Kellen wanted to believe Mara was unconscious. But she didn’t dare trust that even Max’s full-fisted punch could take out the Librarian, so in an overly loud, unsteady voice, she said, “Restrain her.”

He did. He took Mara’s pistol and secured the safety and slid it into his jacket’s inside pocket. With a key he found on the coffee table, he went into the living room and came back with handcuffs—those used to bind Carson, she guessed—and dragged Mara to the cast-iron screen set before the unlit gas fireplace and used the cuffs to secure her hands behind her back.
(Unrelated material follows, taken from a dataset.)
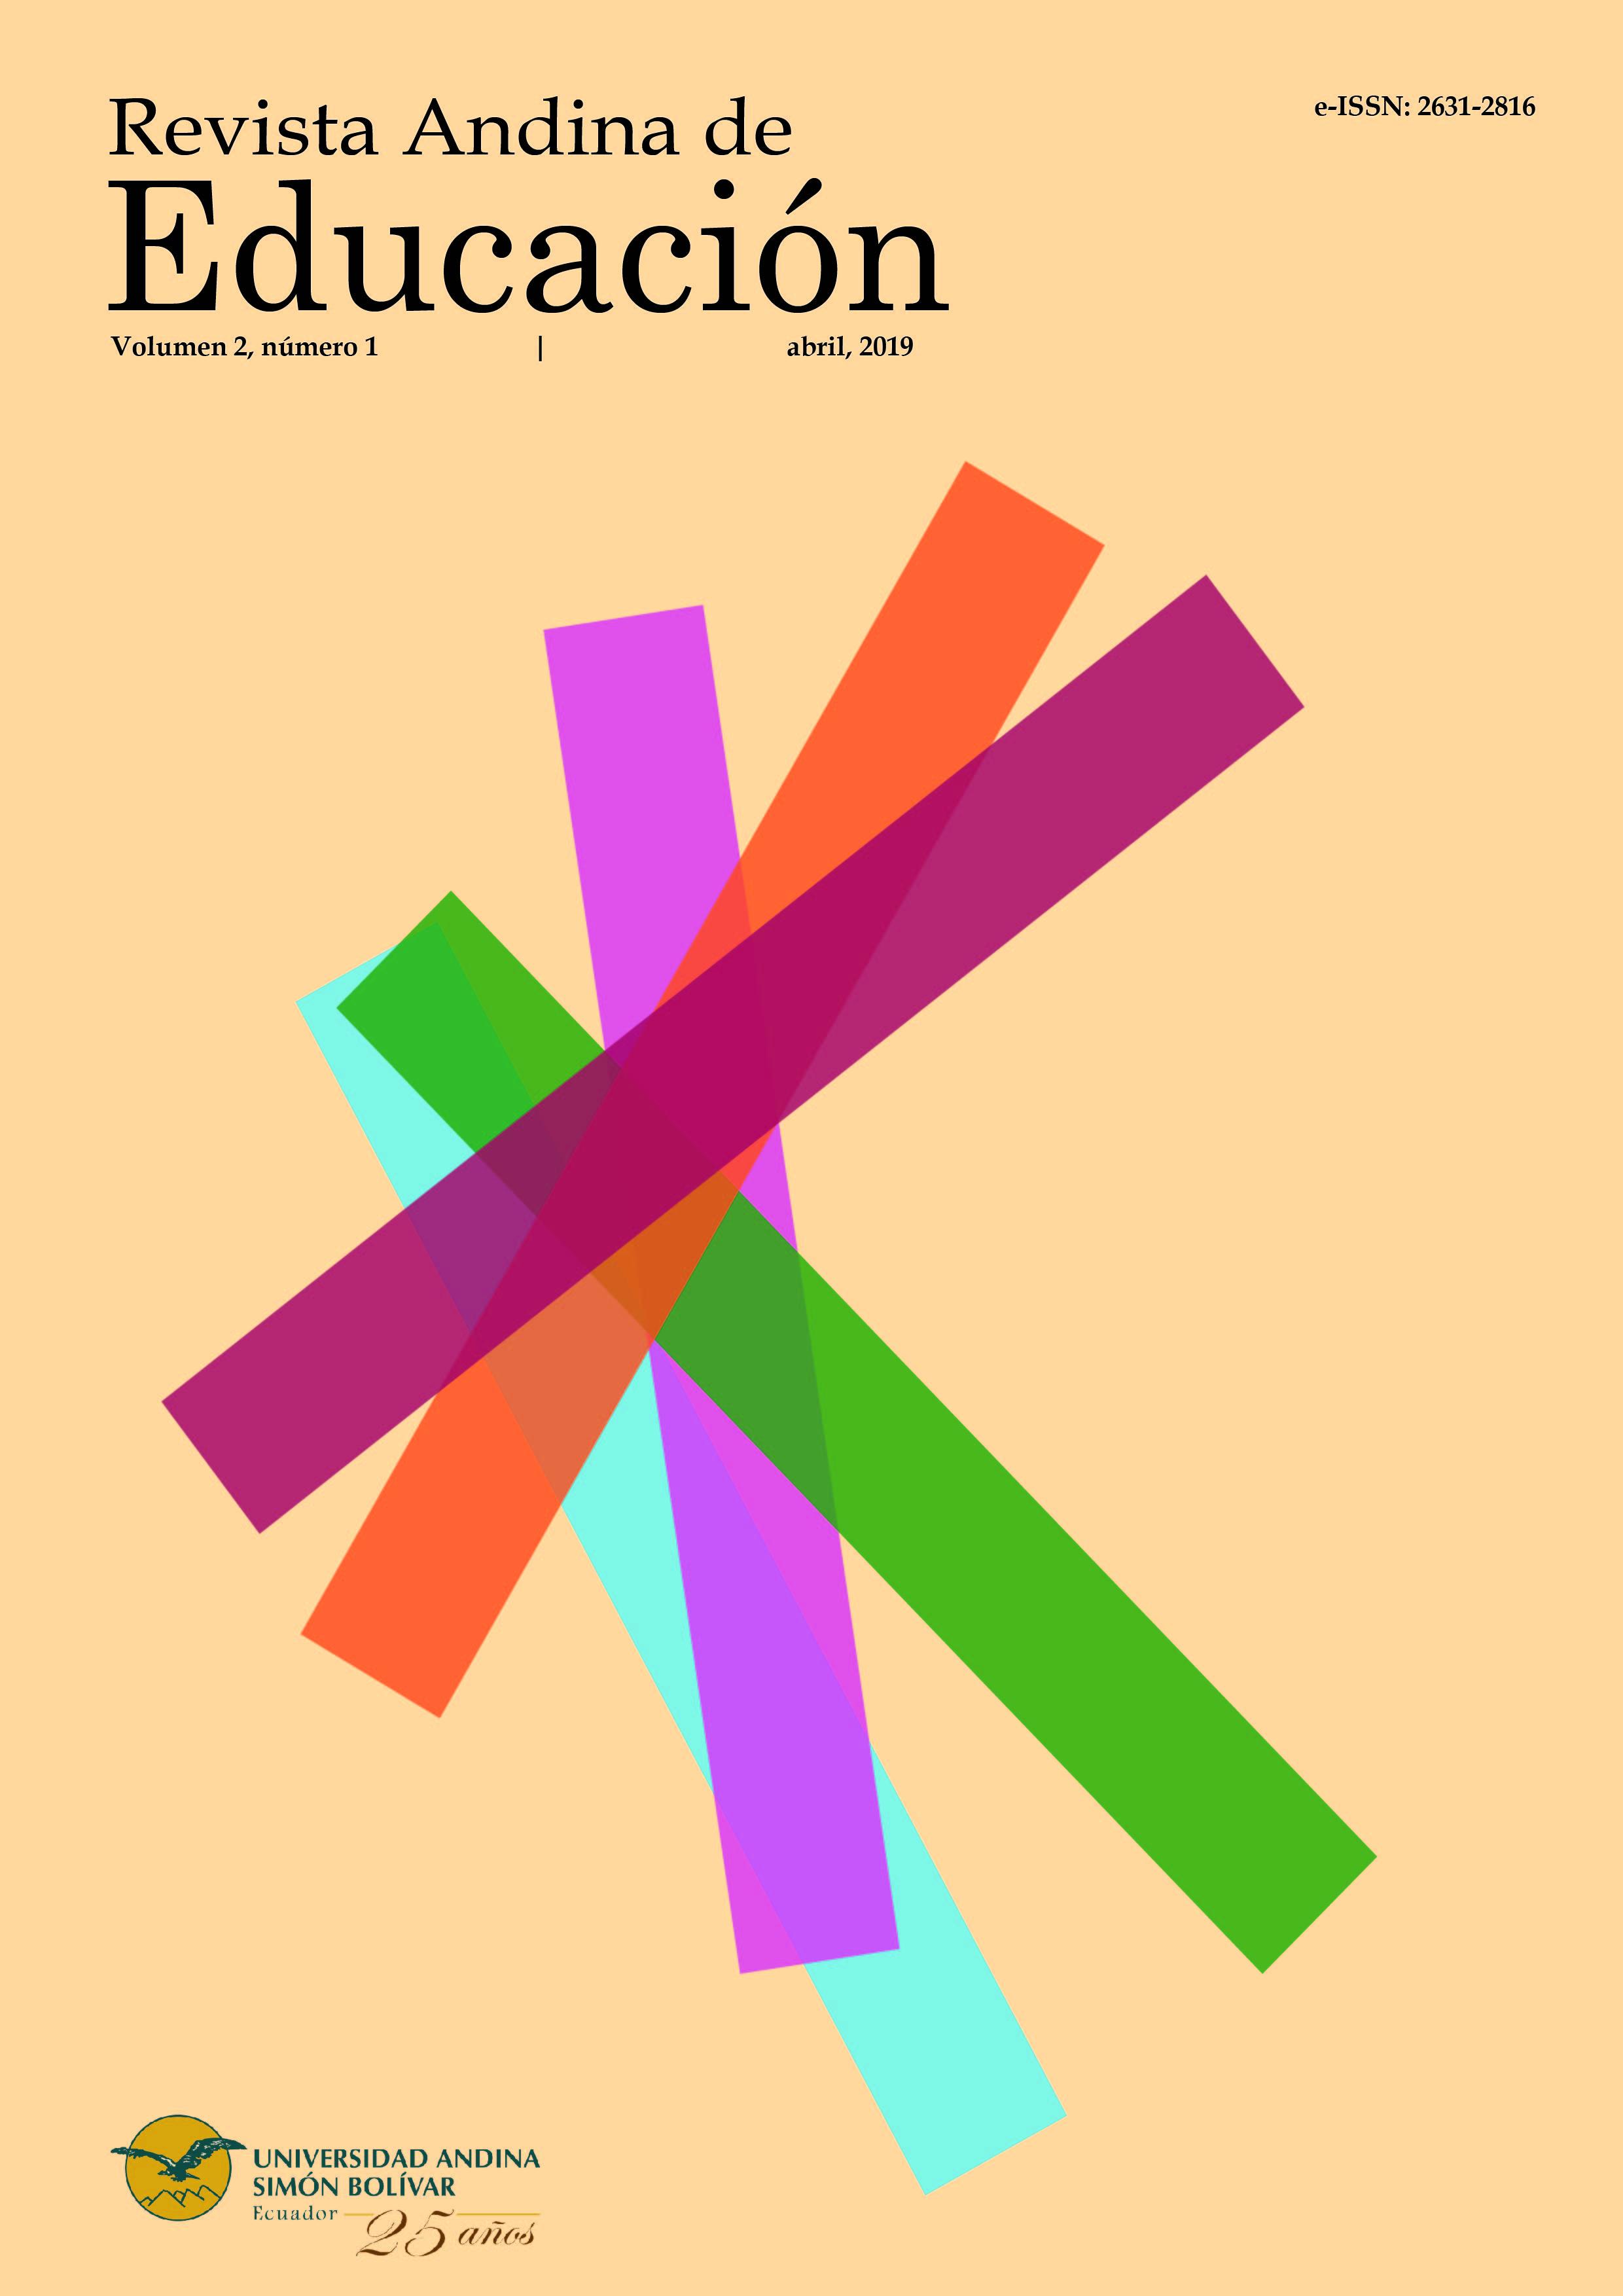 Revista Andina de Educación, 2(1) (2019)
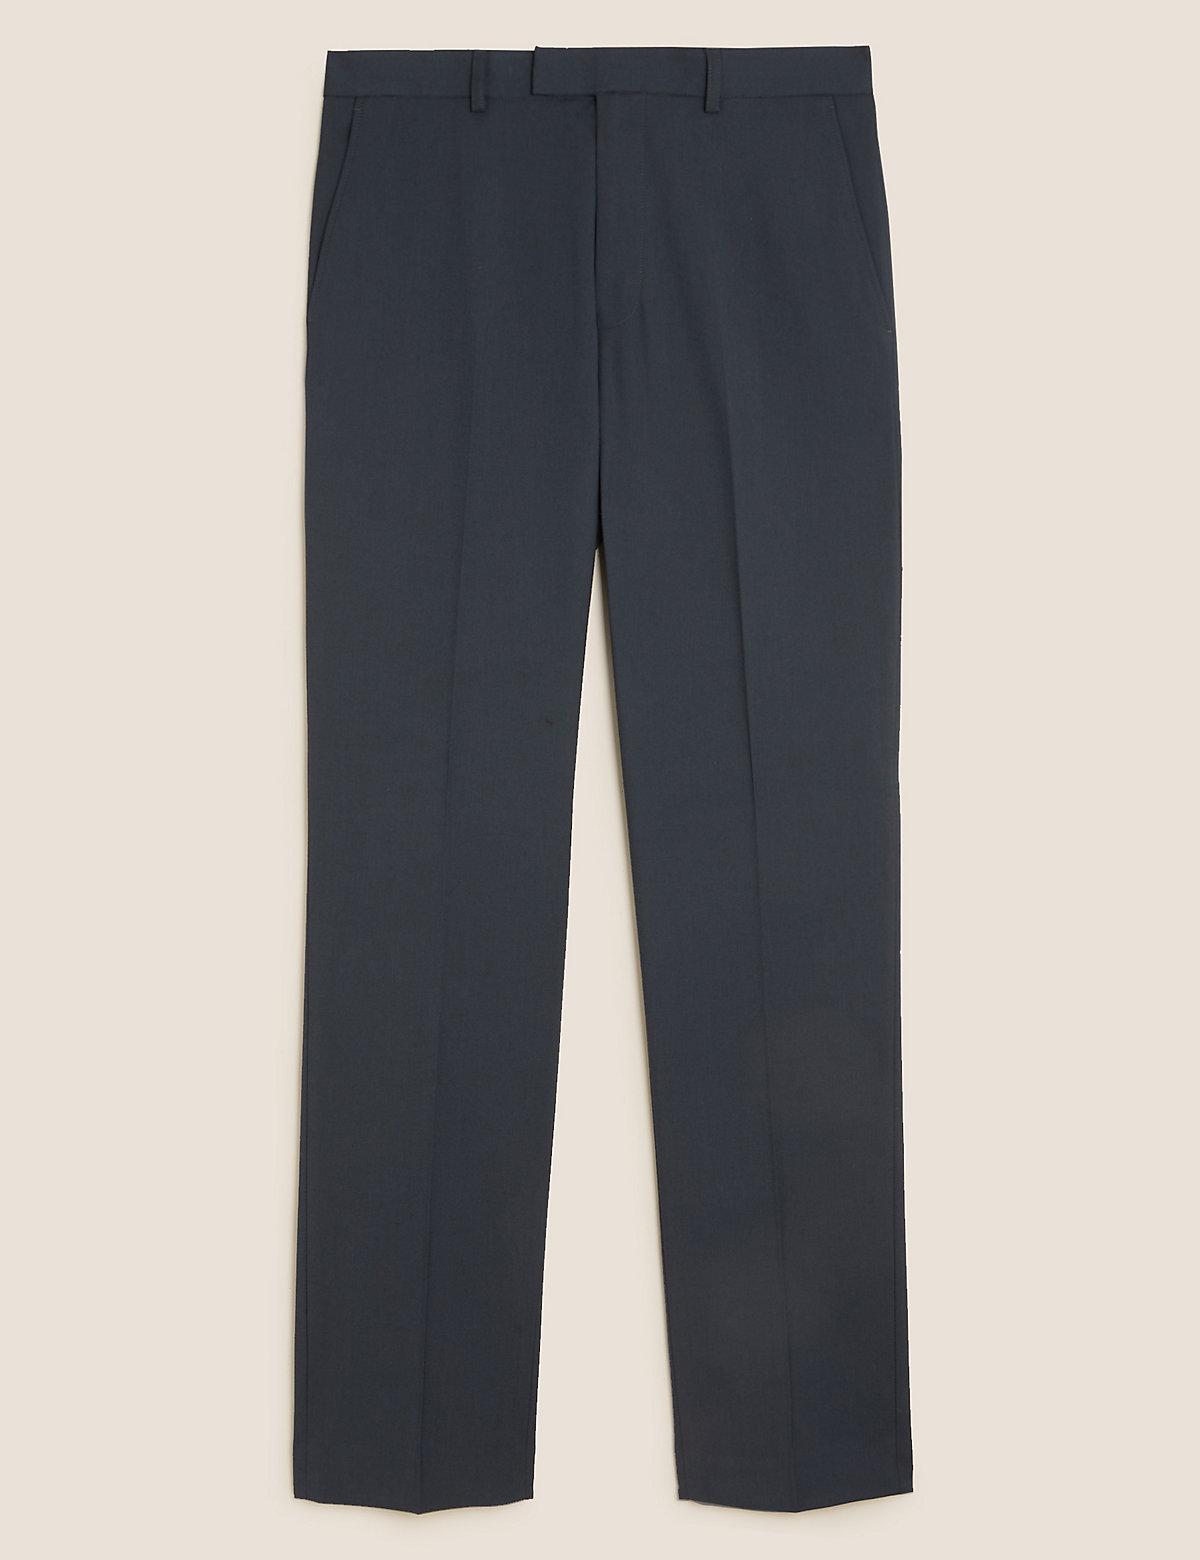 Узкие мужские брюки с добавлением эластана

Carson Lennex appeared. On his cheek, a round red burn marred his classic features. His button-up shirt stood open, and three burns dotted his chest, leading in a line to his nipple. He limped into the room. Everything about him was angry. To Max, he said, “Please. Allow me.” Kneeling beside Mara’s feet, he used the curtain cord to tie her ankles and her knees. To Kellen, he said, “She came up here with a message that you had sent her. I said, For the hieroglyphic tablet? She said yes. I invited her in.” He sounded outraged when he said, “I fed her her lines!”

“I’m sorry, Mr. Lennex.” Kellen spoke through broken gasps. “When I realized what could happen, I did everything I could to save you.”

“I’m ashamed to know I’m such a fool,” Carson said.

“You didn’t tell her where the tablet was.”